Rhesus blood conflict between mother and child

The Rh factor of blood, a dominant trait, is also related to genetics, because the mismatch of its poles leads to a conflict that is detrimental to the baby and the expectant mother.

If the mother has Rh-, and the child, which unfortunately happens, has the opposite Rh - Rh+, there is a high probability of miscarriage. Usually manifests itself as an inheritance from one of the parents.

Rh conflict occurs only when the fathers are positive and the child and mother are Rh negative. So, the Rh+ father can have either the DD or Dd genotype, there are 2 possible combinations with different risks. Regardless of the genotype of the father, if he is Rh+ and the mother is Rh-, doctors assume in advance that there will be an incompatibility problem and begin to act accordingly.

This means that only Rh+ children (DD) are likely to be born with medical complications. When both the mother and her fetus are Rh (DD), the birth should be normal.

If a woman becomes pregnant for the first time and is Rh-, then there is no problem of incompatibility for her Rh-positive fetus. However, second and subsequent births can have life-threatening consequences for Rh+ children. The risk increases with each pregnancy. To understand why firstborns tend to have the safest births and why laterborns are at risk, you need to know some of the functions of the placenta.

Placenta and blood circulation

This is the organ that attaches the fetus to the wall of the uterus using the umbilical cord. The mother's nutrients and antibodies are regularly transferred across the placental borders to the fetus, but her red blood cells are not. Antigens do not appear in the mother's blood during the first pregnancy if she has not previously been in contact with Rh + blood.

Thus, her antibodies do not “stick together” with the red blood cells of her Rh+ fetus. Placental ruptures occur at birth, so that fetal blood enters the mother's circulatory system, stimulating intensive production of antibodies to antigen Rh-positive blood. Just one drop of the fruit actively stimulates the production of large quantities of antibodies.

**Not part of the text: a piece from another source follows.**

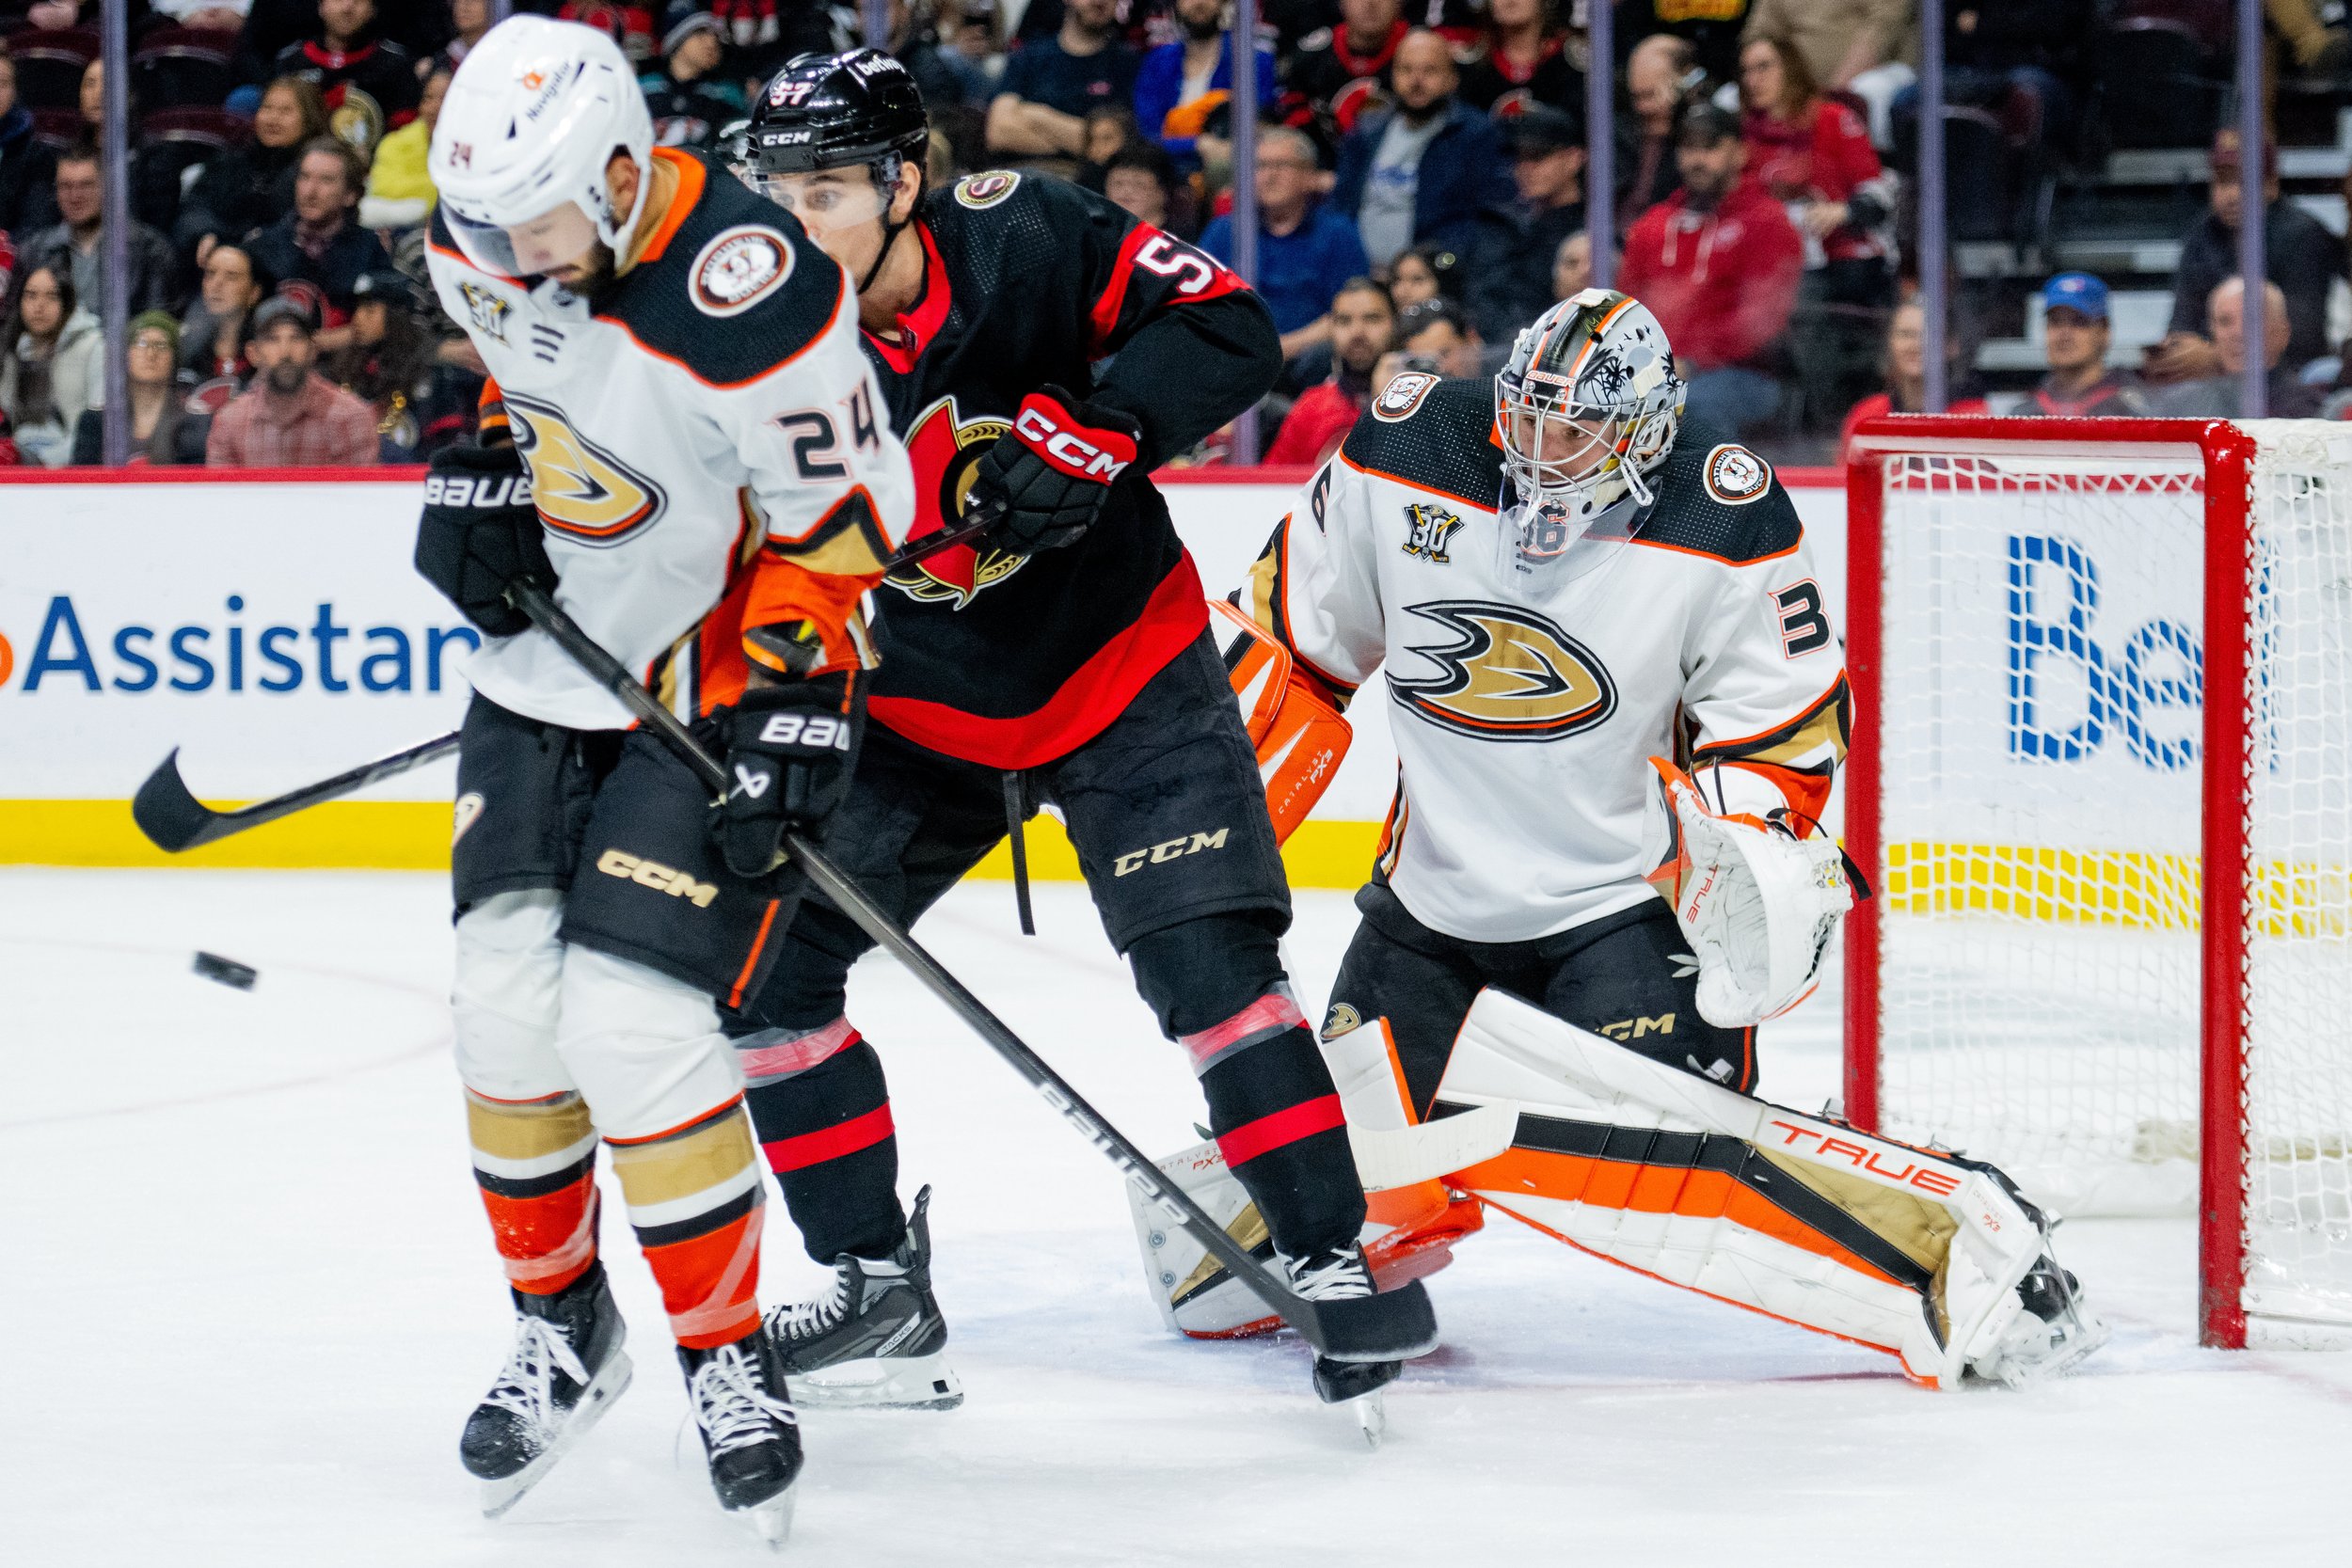  Anaheim Ducks goaltender John Gibson (36) searches for the puck as Ottawa Senators centre Shane Pinto (57) and Anaheim Ducks centre Bo Groulx (24) fight for control during the first period of regular season NHL hockey action in Ottawa, on Thursday,

When the next pregnancy occurs, the transfer of antibodies from the mother's circulatory system again occurs through the placental boundaries of the fetus. Antigens, antibodies, which she now produces in reaction with the blood of the fetus - with a positive Rh factor, as a result of which many of its red cells burst or stick together.

A newborn may have life-threatening anemia due to lack of oxygen in the blood. The child also usually suffers from jaundice, fever, and has an enlarged liver and spleen. This condition is called erythroblastosis fetalis.

The standard treatment for such severe cases is massive transfusions of Rh-negative blood to the children while simultaneously draining the existing circulatory system to eliminate the flow of positive antibodies from the mother. This is usually done for newborn babies, but can be done before birth.

Serums for transfusion

Blood groups and their compatibility were originally used in research to invent a serum to introduce a blood antibody sample. If the serum agglutinates red cells, then Rh is positive; if this is not the case, it is negative. Despite the actual genetic complexities, inheritance of this trait can generally be predicted using a simple conceptual model in which there are two alleles, D and d. Individuals who are homozygous for dominant DD or heterozygous for Dd are Rh positive. Those who are homozygous recessive DD are Rh negative (meaning they lack key antigens).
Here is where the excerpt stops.